For instance, the following code:
set stringList {Student Lecturer}
Object create Student
Object create Lecturer
Object create joe -classes Student Lecturer
# preserve the references
set cls [joe getClasses]
# unname one of the classes
Lecturer unname
puts "String List: $stringList, Class List: $cls"
prints something like:
String List: Student Lecturer, Class List: Student %%1
You can see that the string list is unaffected by object unnaming - as it should be, because you don't want your ordinary lists and strings to change just because you unname an object. But in the class list, we now refer to the unnamed object %%1, as this is the only left reference maintained for the former Lecturer object. Only if the reference in cls is discarded, the object gets garbage collected.
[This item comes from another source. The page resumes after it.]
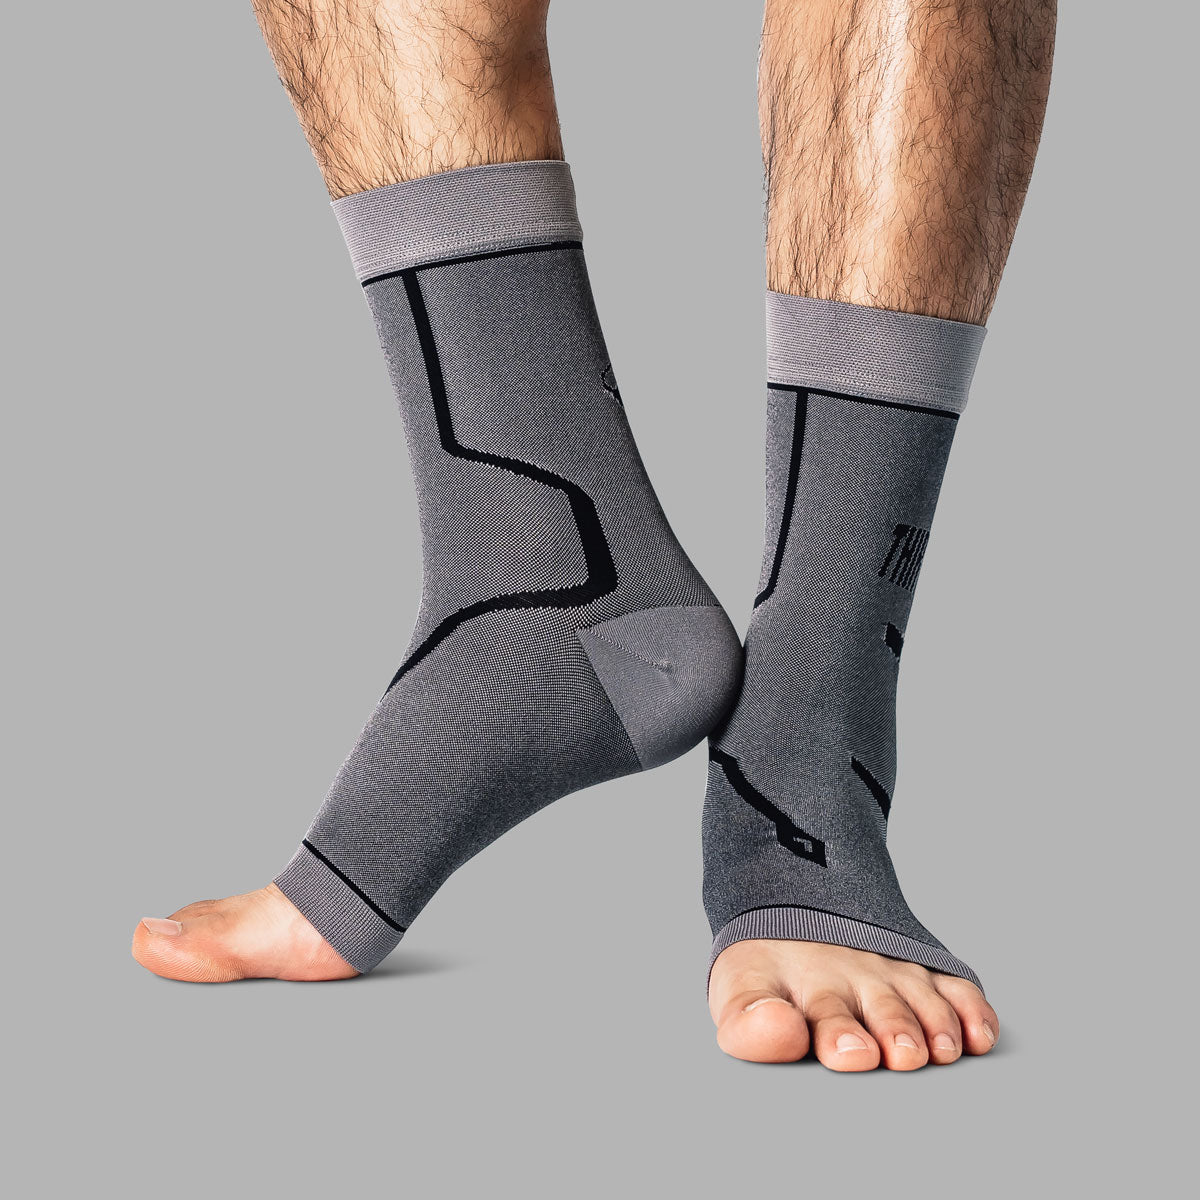 Compression socks vs compression sleeves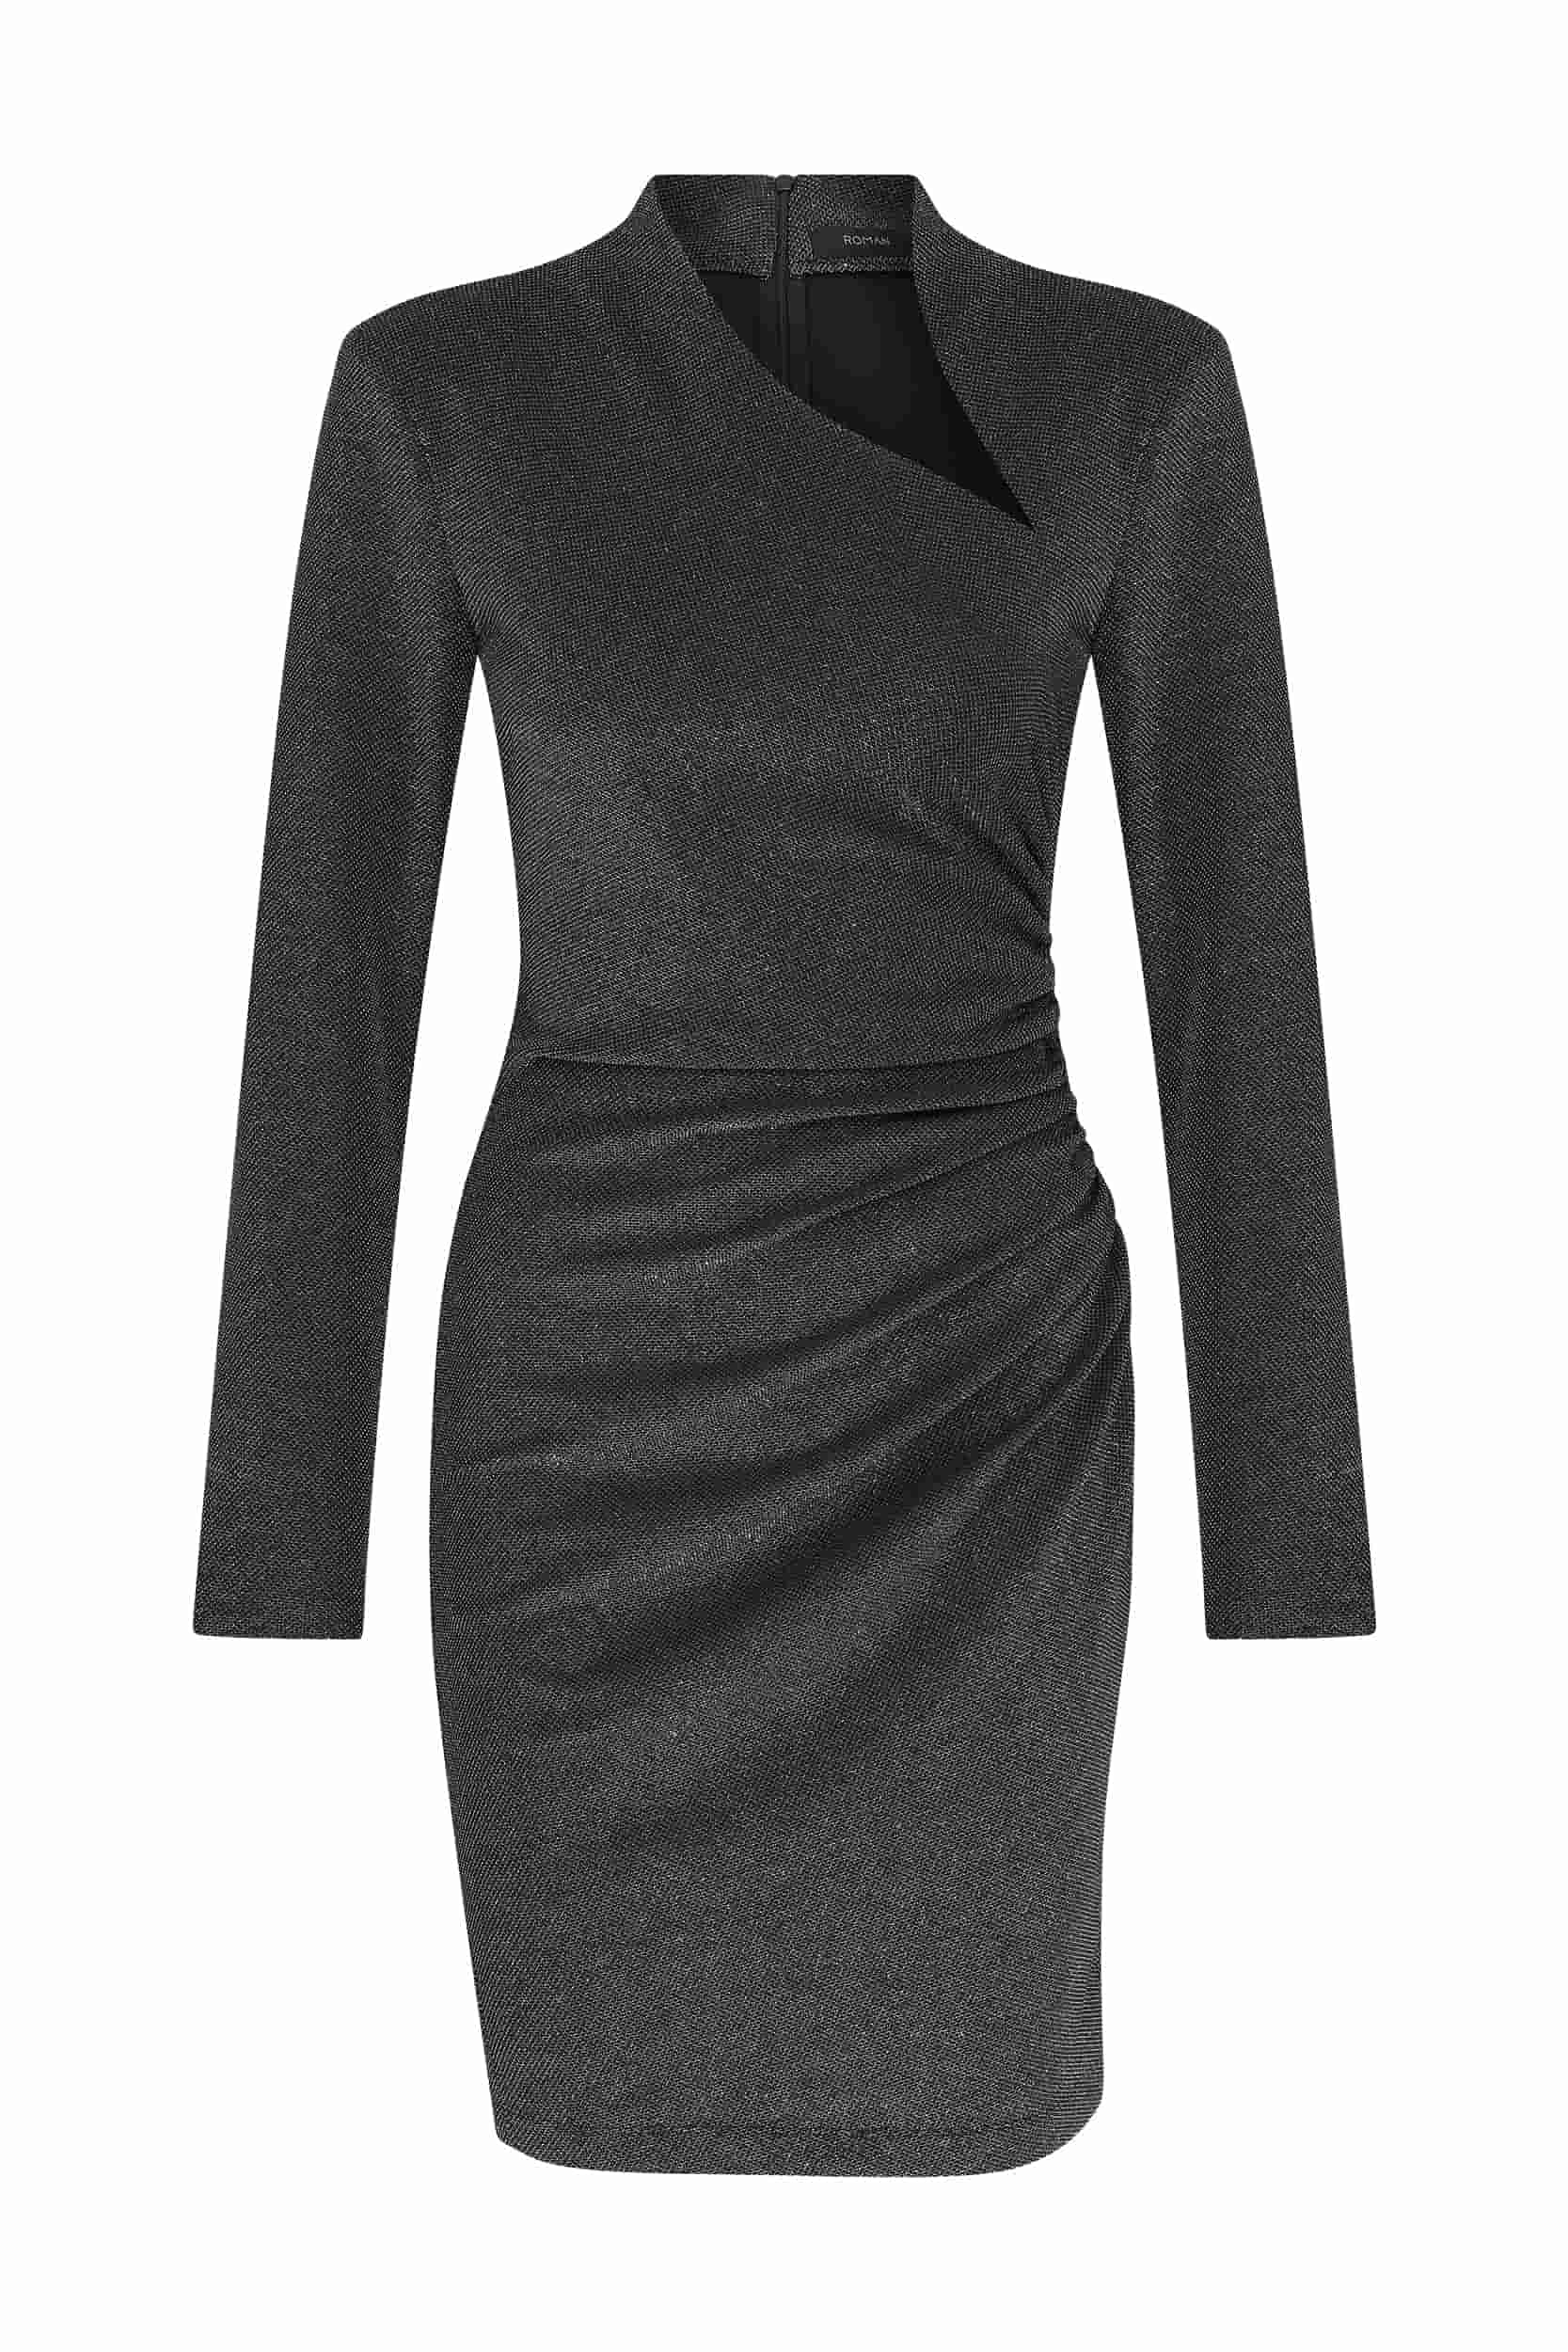 Shimmer Ruched Full Sleeve Cocktail Dress --[BLACK]

You can also explicitly transform a string into an object reference, using getObjectID, which simply returns a Dual with the object's FragObject reference in it. For instance, you could transform the given string list into an object list:
set stringList {Student Lecturer}
Object create Student
Object create Lecturer
Object create joe -classes Student Lecturer
set newList ""
foreach str $stringList {
    # the references are now preserved in "newList"
    append newList [$str getObjectID]
}
Lecturer unname
puts "New List: $newList"
As newList contains references, the result again looks like:
New List: Student %%1
On the other hand, you can use the string methods to transform an object reference into a string, and hence cause it to be not reference counted. In both cases in the example below, the objects are not preserved, because only a string points to their names, but no object references are preserved.
set r1 [string build [Object create]]
set r2 [string append "" [Object create]]
set e1 [catch {$r1 set x 1}]
set e2 [catch {$r2 set x 1}]

Extending Frag from Java

If you extend Frag from Java, and maintain references to Frag objects in Java, you must increase their reference count. When you release a reference to an object, you must decrease its reference count.

When you implement or use structures like variables or lists that might contain Frag objects, be sure to handle reference counting - just like the examples in the Frag implementation. An important example are wrappers to Java containers: if you can put Frag objects into such a wrapper from within Frag, be sure that they are preserved and released using the reference counting functions.

At the moment there is no tutorial on how to extend Frag from Java. But in the Frag implementation there are many examples, such as the classes File, Hashtable, HashtableWrapper, etc.